◆ Action item
Once the line with "dos cormoranes secan" is found, repeat it and all later lines exactly through the end of the listing below, with the pictures left out.

◆ Recorded data
Segment Open

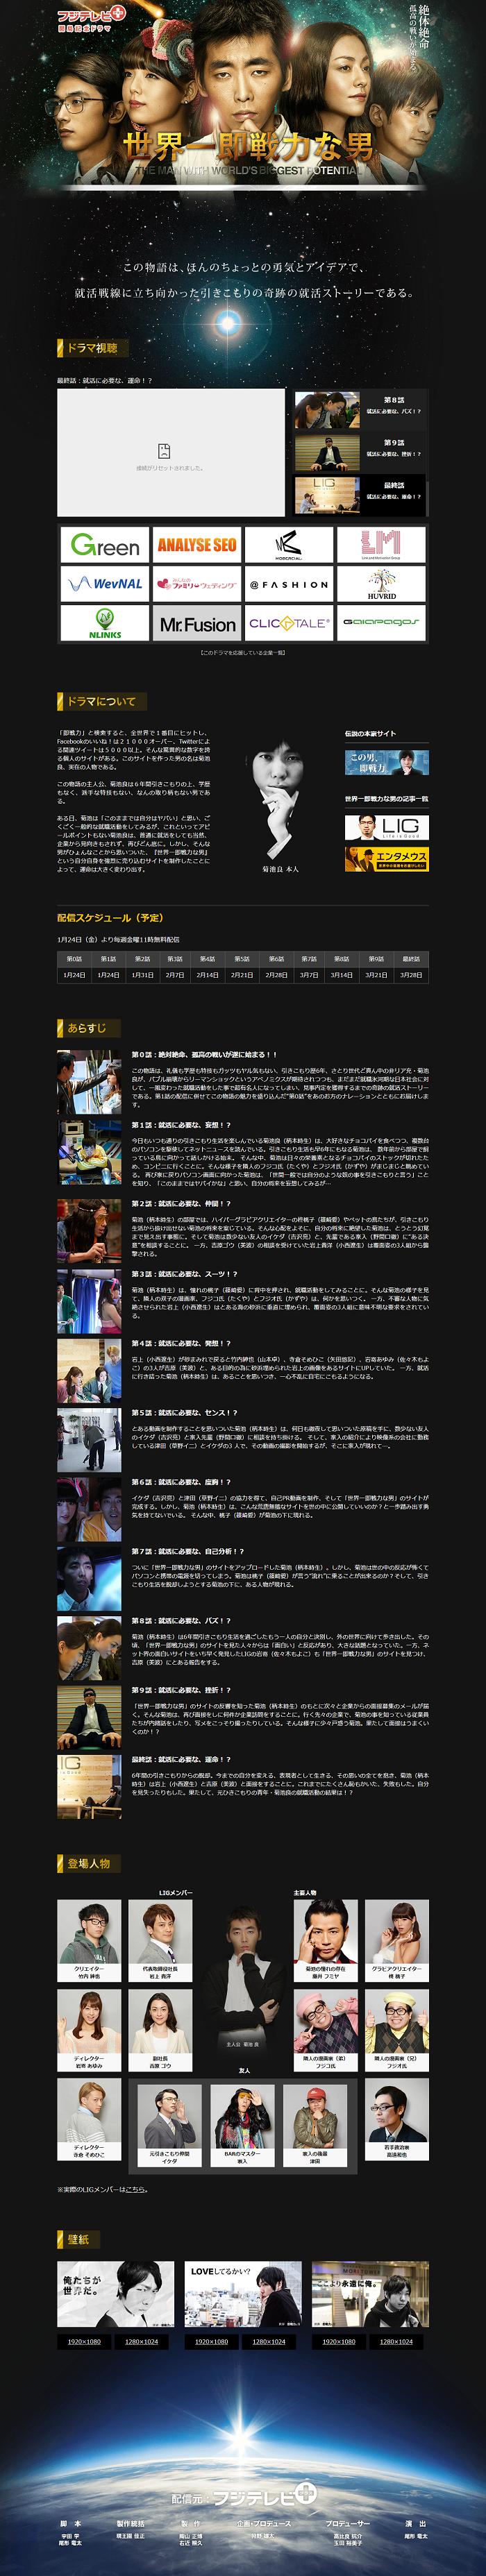 無料WEBドラマ『世界一即戦力な男』| 株式会社LIG
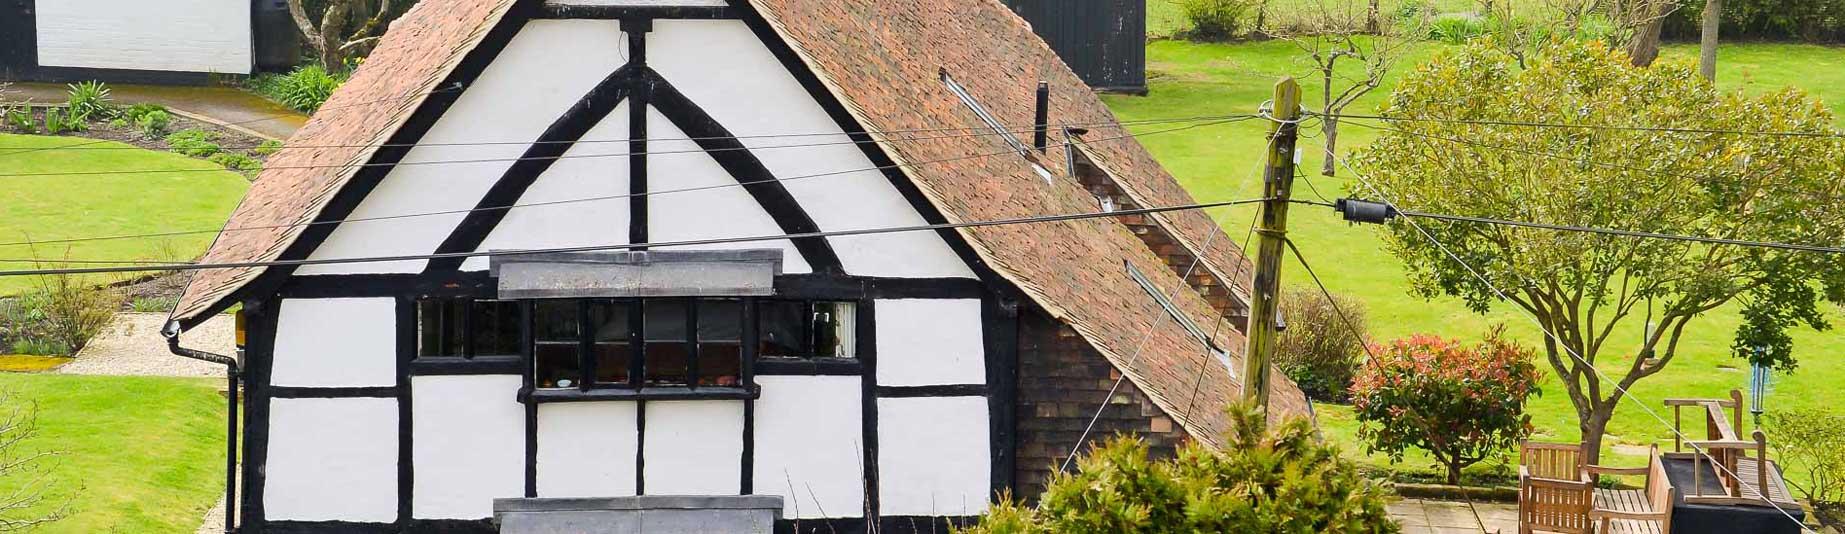 Tenterden Roofing - White Tudor House
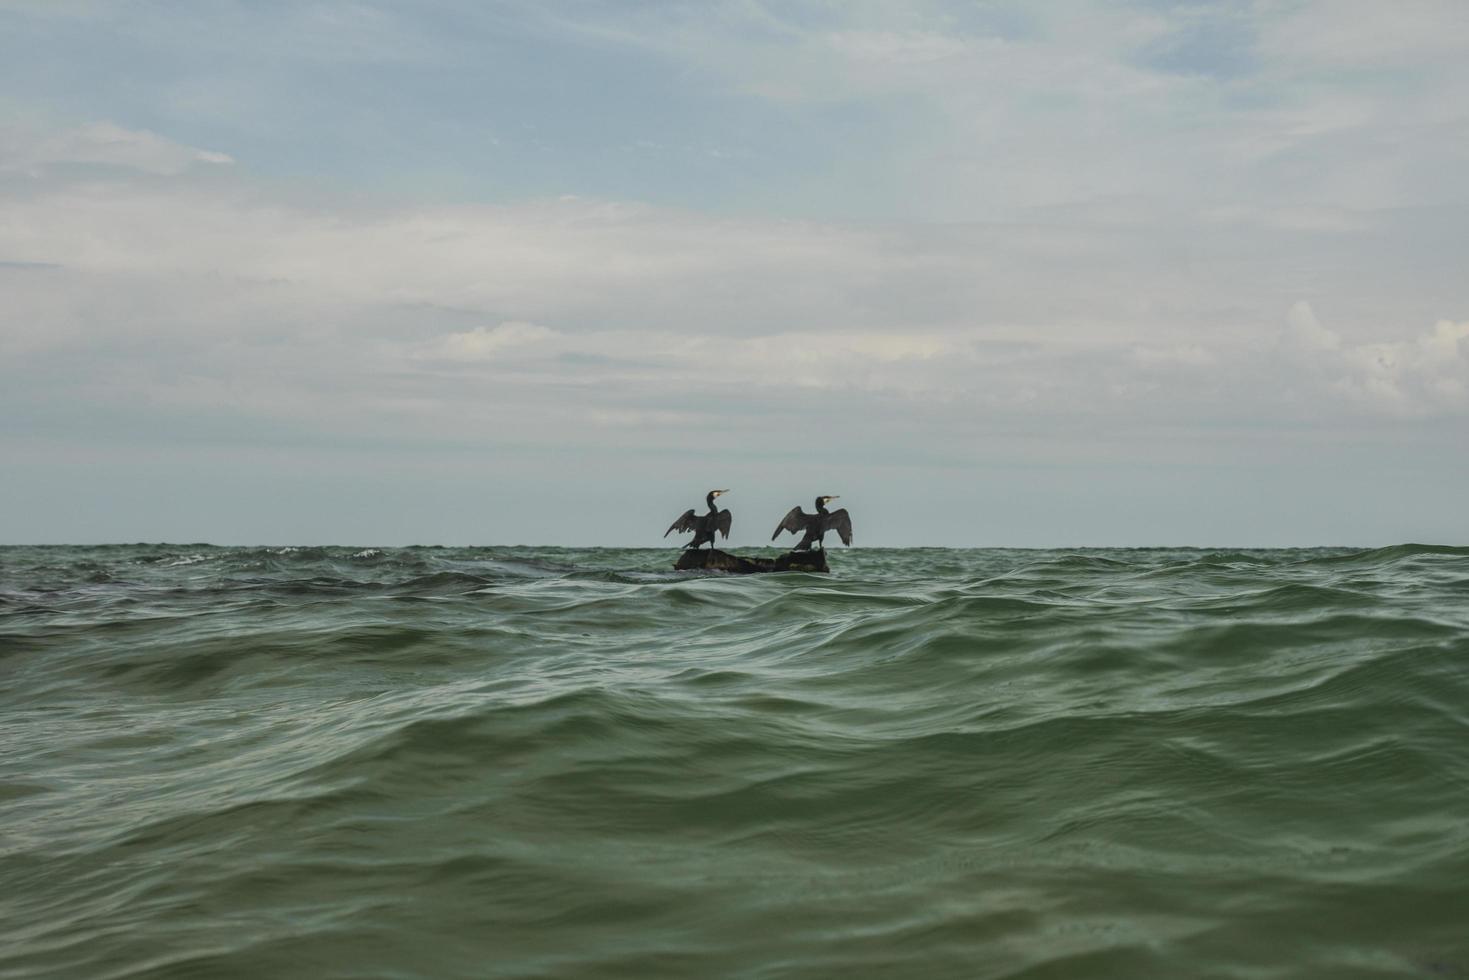 dos cormoranes secan sus alas en una piedra en medio del mar foto
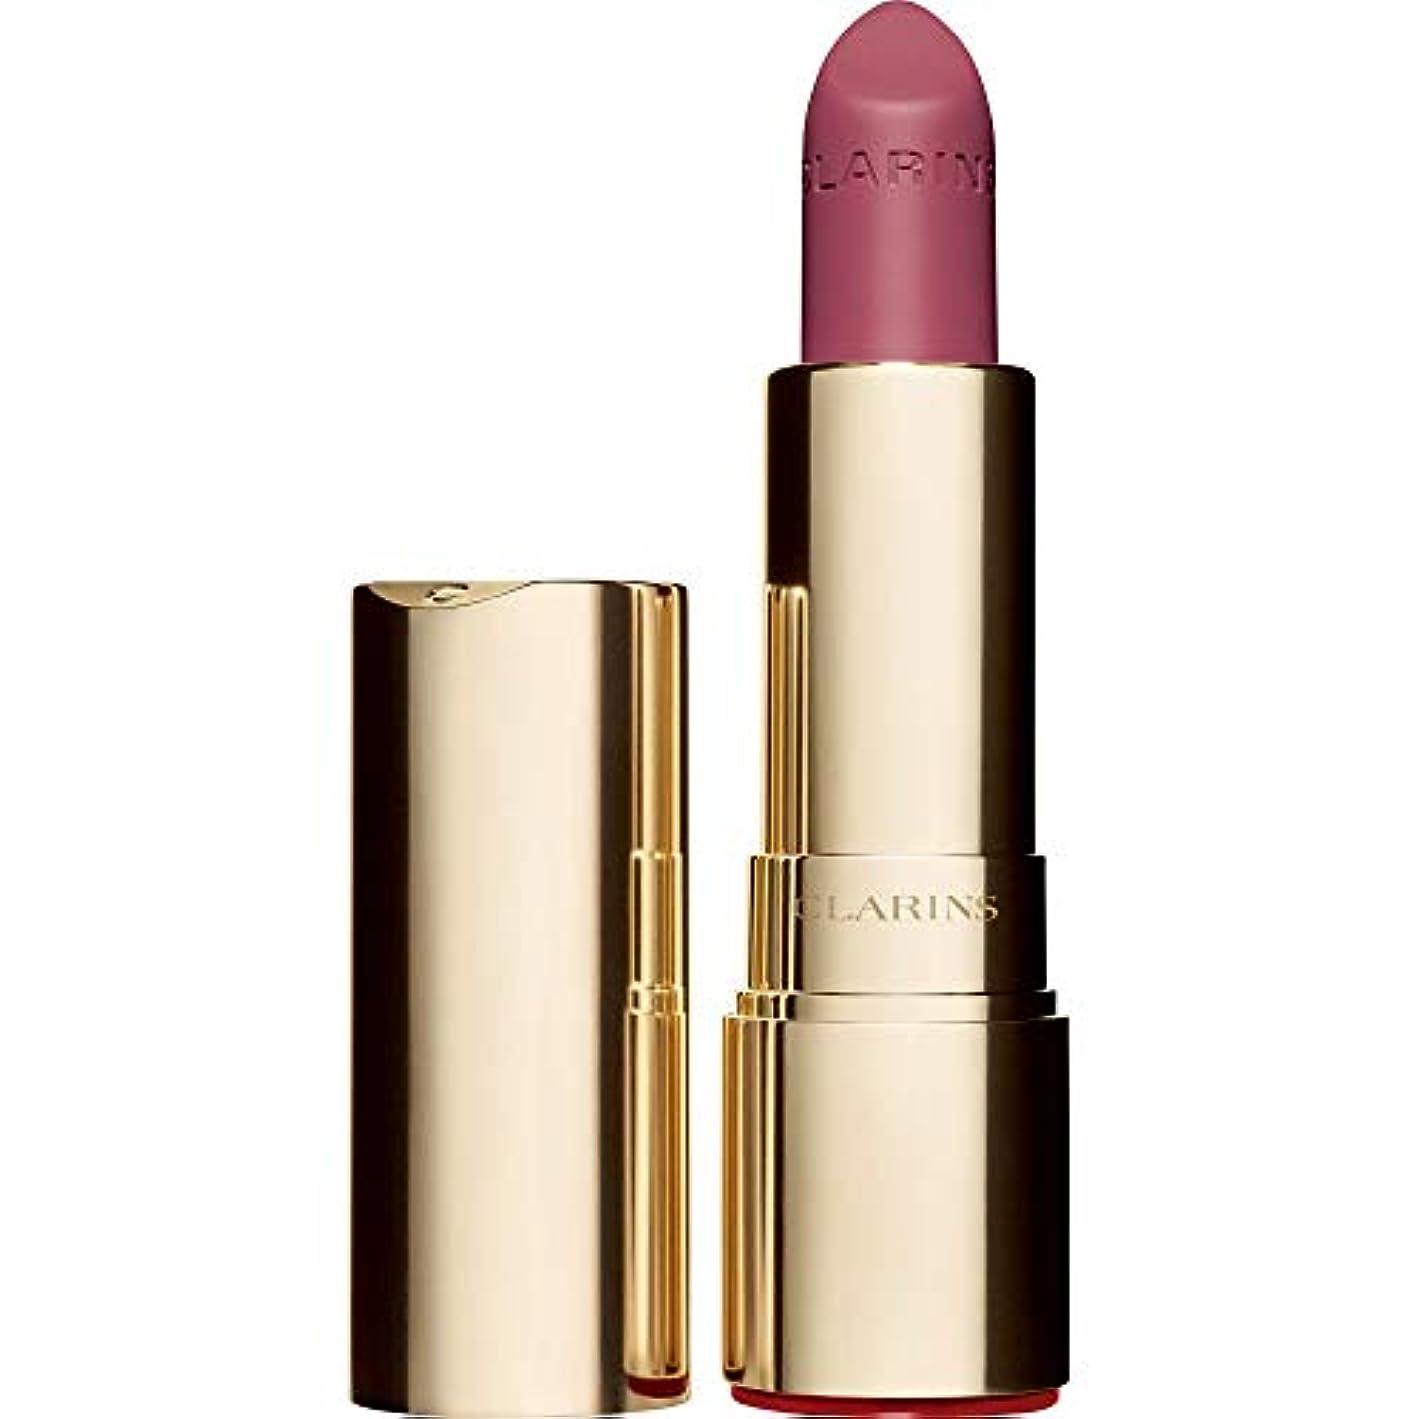 [Clarins ] クラランスジョリルージュのベルベットの口紅3.5グラムの755V - レイシ - Clarins Joli Rouge Velvet Lipstick 3.5g 755V - Litchi [並行輸入品]

Segment Closed

◆ Response to the task
 dos cormoranes secan sus alas en una piedra en medio del mar foto
 [Clarins ] クラランスジョリルージュのベルベットの口紅3.5グラムの755V - レイシ - Clarins Joli Rouge Velvet Lipstick 3.5g 755V - Litchi [並行輸入品]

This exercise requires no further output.